═════ Raw data

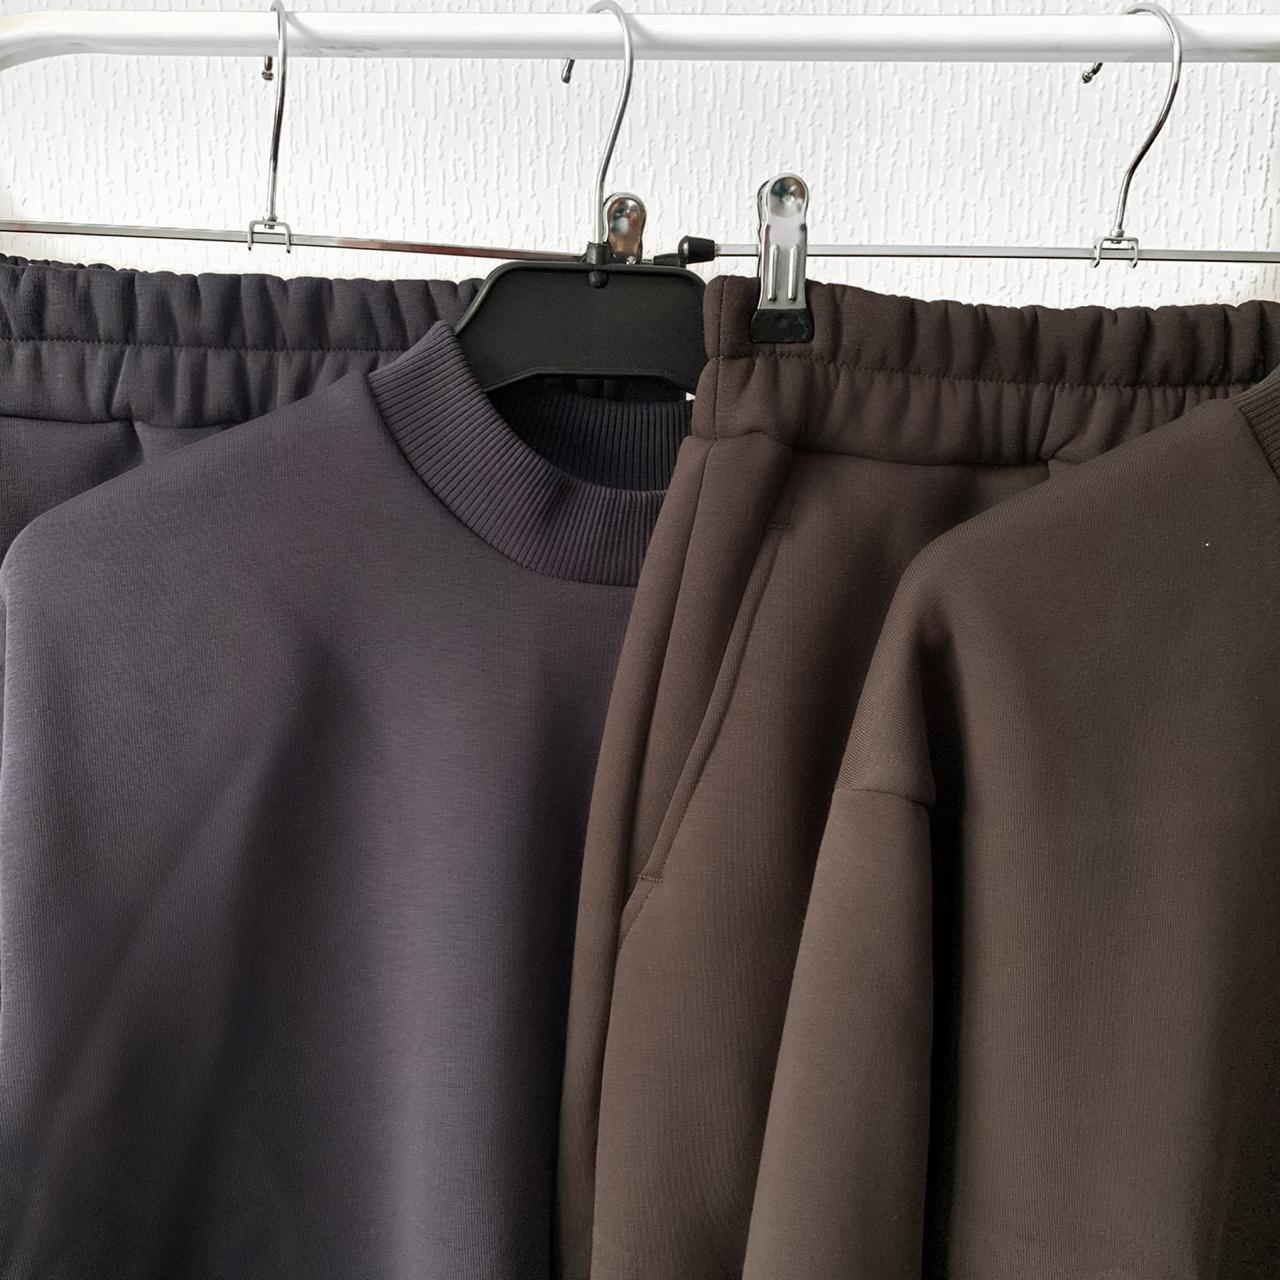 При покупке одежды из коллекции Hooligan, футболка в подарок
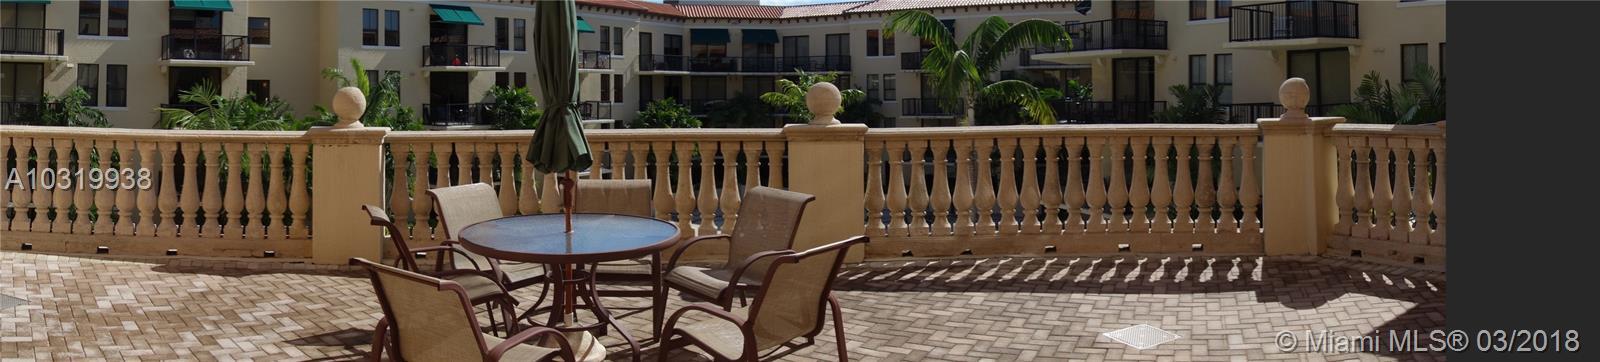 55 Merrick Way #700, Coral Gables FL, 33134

══════════
═════ Raw data

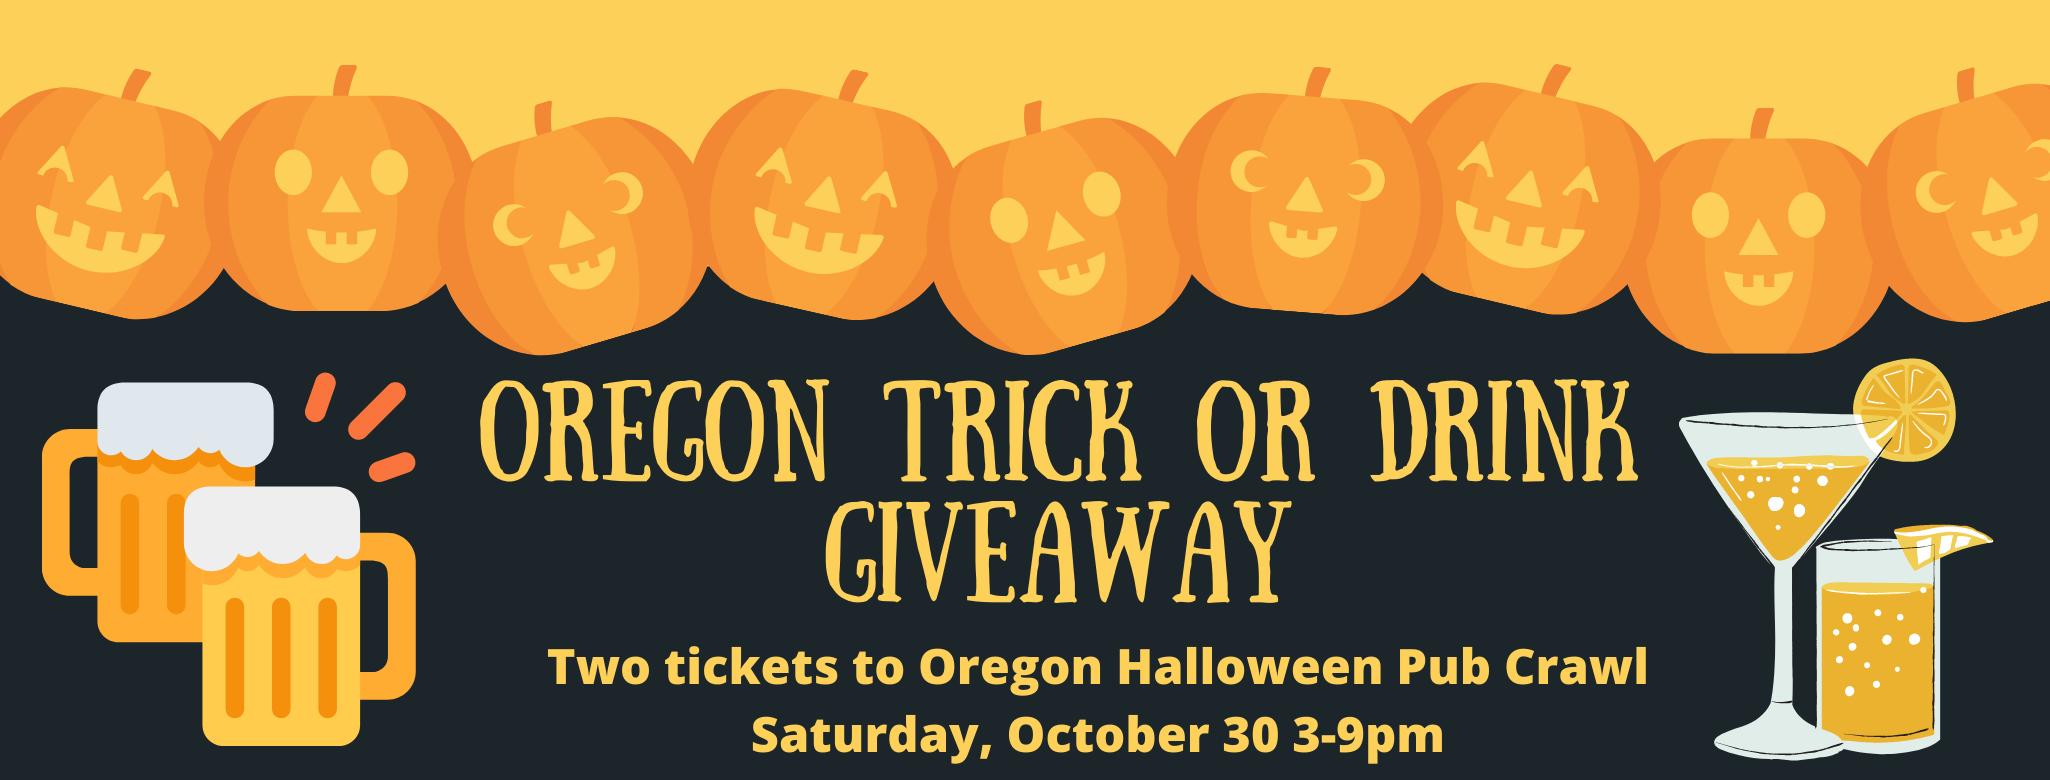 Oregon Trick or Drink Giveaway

══════════

**What this task involves:**
Look through the material above. Transcribe exactly the lines between the ones with "При покупке одежды" and "55 Merrick Way #700, Coral Gables FL, 33134", inclusive, and keep pictures out.

**Task solution:**
 При покупке одежды из коллекции Hooligan, футболка в подарок
 55 Merrick Way #700, Coral Gables FL, 33134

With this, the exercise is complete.